The future of DOORS: In the future, the researchers will expand the number of baselines they test on, “as well as incorporating more complicated tasks such as a broader range of doorknobs, locked doors, door knob generalization, and multi-agent scenarios”. 

Why this matters: Systems like DoorGym are an indication of the rapid maturity of research at the intersection of AI and robotics. If systems like this become standard testbeds for RL algorithms, it could ultimately lead to the creation of more intelligent and capable robot arms, which could potentially have significant effects on economic impact of robot-based automation.
   Read more: DoorGym: A Scalable Door Opening Environment And Baseline Agent (Arxiv).

####################################################

Is that a car or a spy robot? Why not both?
…Tesla S mod turns any car into a surveillance system…
An enterprising software engineer has developed a DIY computer called the ‘Surveillance Detection Scout’ that can turn any Tesla Model S or Model 3 into a roving surveillance vehicle. The mod taps into the Tesla’s dash and rearview cameras, then uses open source image recognition software to analyze license plates and faces that the Tesla sees, so the software can warn the car owner if it is being followed. “When the car is parked, it can tracky nearby faces to see which ones repeatedly appear,” Wired magazine writes. “The intent is to offer a warning that someone might be preparing to steal the car, tamper with it or break into the driver’s nearby home”. 

Why this matters: The future is rich people putting DIY software and computers into their machines, giving them enhanced cognitive capabilities relative to other people. Just wait till we optimize thrust/weight for small drones, and wealthy people start getting surrounded by literal ‘thought clouds’.
   Read more: This Tesla Mod Turns a Model S into a Mobile ‘Surveillance Station’ (Wired).

####################################################

Facebook approaches human-level performance on the tough ‘SuperGLUE’ benchmark:
…What happens when AI progress outpaces the complexity of our benchmarks?…
Recently, language AI systems have started to get really good. This is mostly due to a vast number of organizations developing language modeling approaches based on unsupervised pre-training – basically, training large language models with simple objectives on vast amounts of data. Such systems – BERT, GPT-2, ULMFiT, etc – have revolutionized parts of NLP, obtaining new state-of-the-art scores on a variety of benchmarks, and generating credibly interesting synthetic text. 

Now, researchers from Facebook have shown just how powerful these new systems are with RoBERTa, a replication of Google’s BERT system that is trained for longer with more careful hyperparameter selection. RoBERTa obtains new state-of-the-art scores on a bunch of benchmarks, including GLUE, RACE, and SQuAD. Most significantly, the researchers announced on Friday that RoBERTa was now the top entry on the ‘SuperGLUE’ language challenge. That’s significant because SuperGLUE was published this year as a significantly harder version of GLUE  – the multi-task language benchmark that preceded it. It’s notable that RoBERTa shows a 15 absolute percentage point improvement over the initial top SuperGLUE entry, and RoBERTa’s score of 84.6% is relatively close to human baselines of 89.8. 

Why this matters: Multi-task benchmarks like SuperGLUE are one of the best ways we have of judging where we are in terms of AI development, so it’s significant if our ability to beat such benchmarks outpaces our ability to create them. As one of SuperGLUE’s creators, Sam Bowman, wonders:”There’s still headroom left for further work—our estimate of human performance is a very conservative lower bound. I’d also bet that the next five or ten percentage points are going to be quite a bit harder to handle,” he writes. “But I think there are still hard open questions about how we should measure academic progress on real-world tasks, now that we really do seem to have solved the average case.”
   Read Sam Bowman’s tweets about the SuperGLUE result (Sam Bowman’s twitter account.)
   Check out the ‘SuperGLUE’ leaderboard here (SuperGLUE official website).
   Read more: RoBERTa: A Robustly Optimized BERT Pretraining Approach (Arxiv)

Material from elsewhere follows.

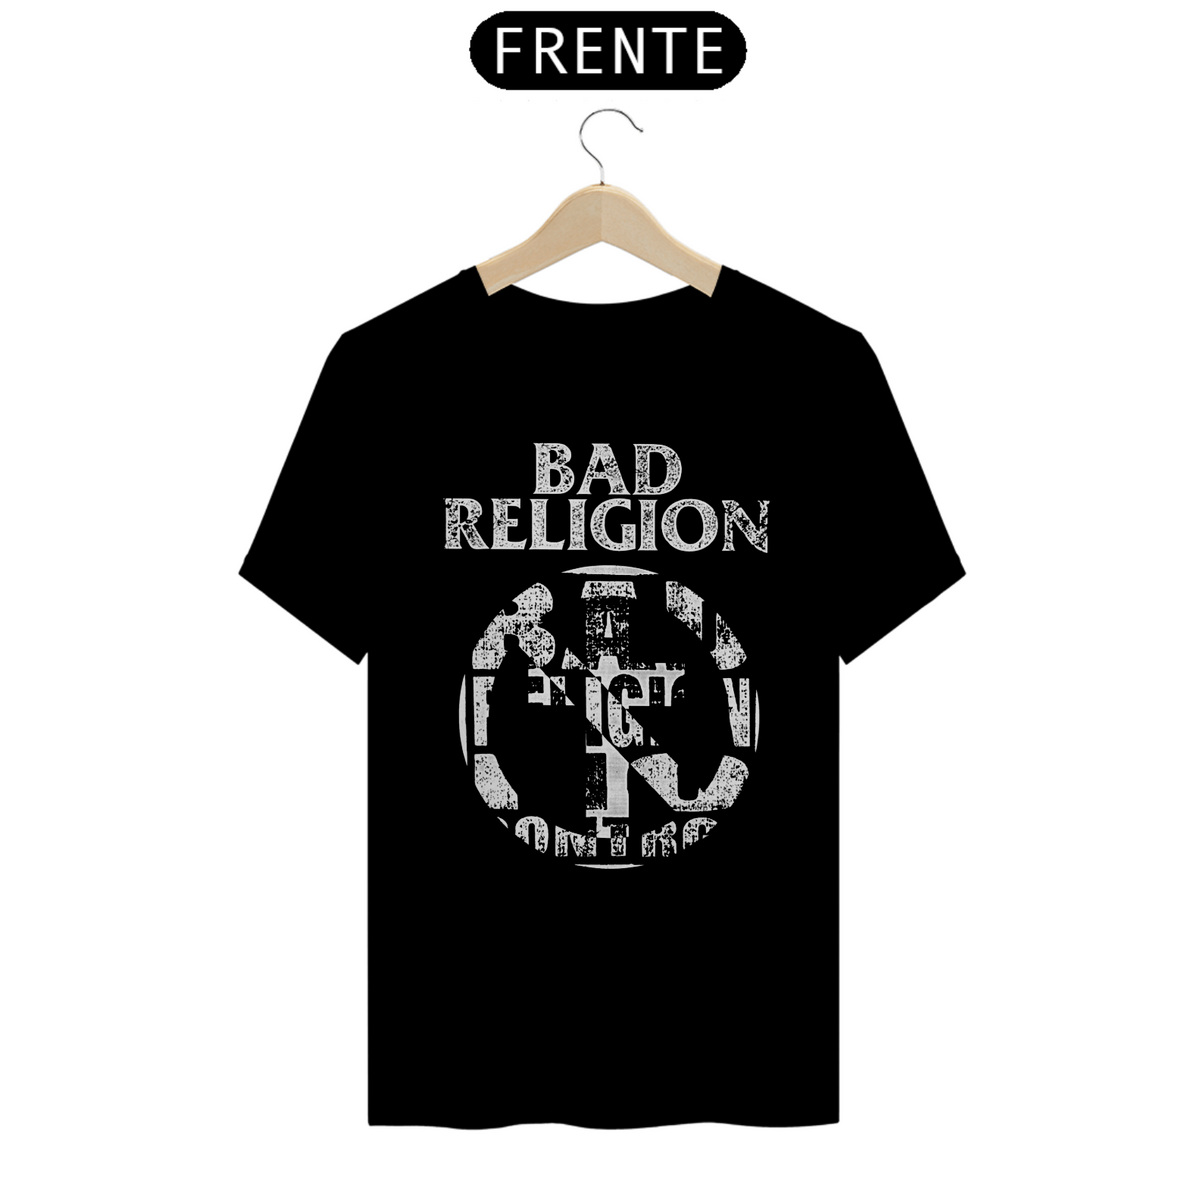 Nome do produto: Bad Religion

####################################################

How can I attack your reinforcement learning system? Let me count the ways:
…A taxonomy of attacks, and some next steps…
How might hackers target a system trained with reinforcement learning? This question is going to become increasingly important as we go from RL systems that are primarily developed for research, to ones that are developed for production purposes. Now, researchers have come up with a “taxonomy of adversarial attacks on DRL systems” and have proposed and analyzed ten attacks on DRL systems in a survey paper from the University of Michigan, University of Illinois at Urban-Champaign, University of California at Berkeley, Tsinghua University, and JD AI Research.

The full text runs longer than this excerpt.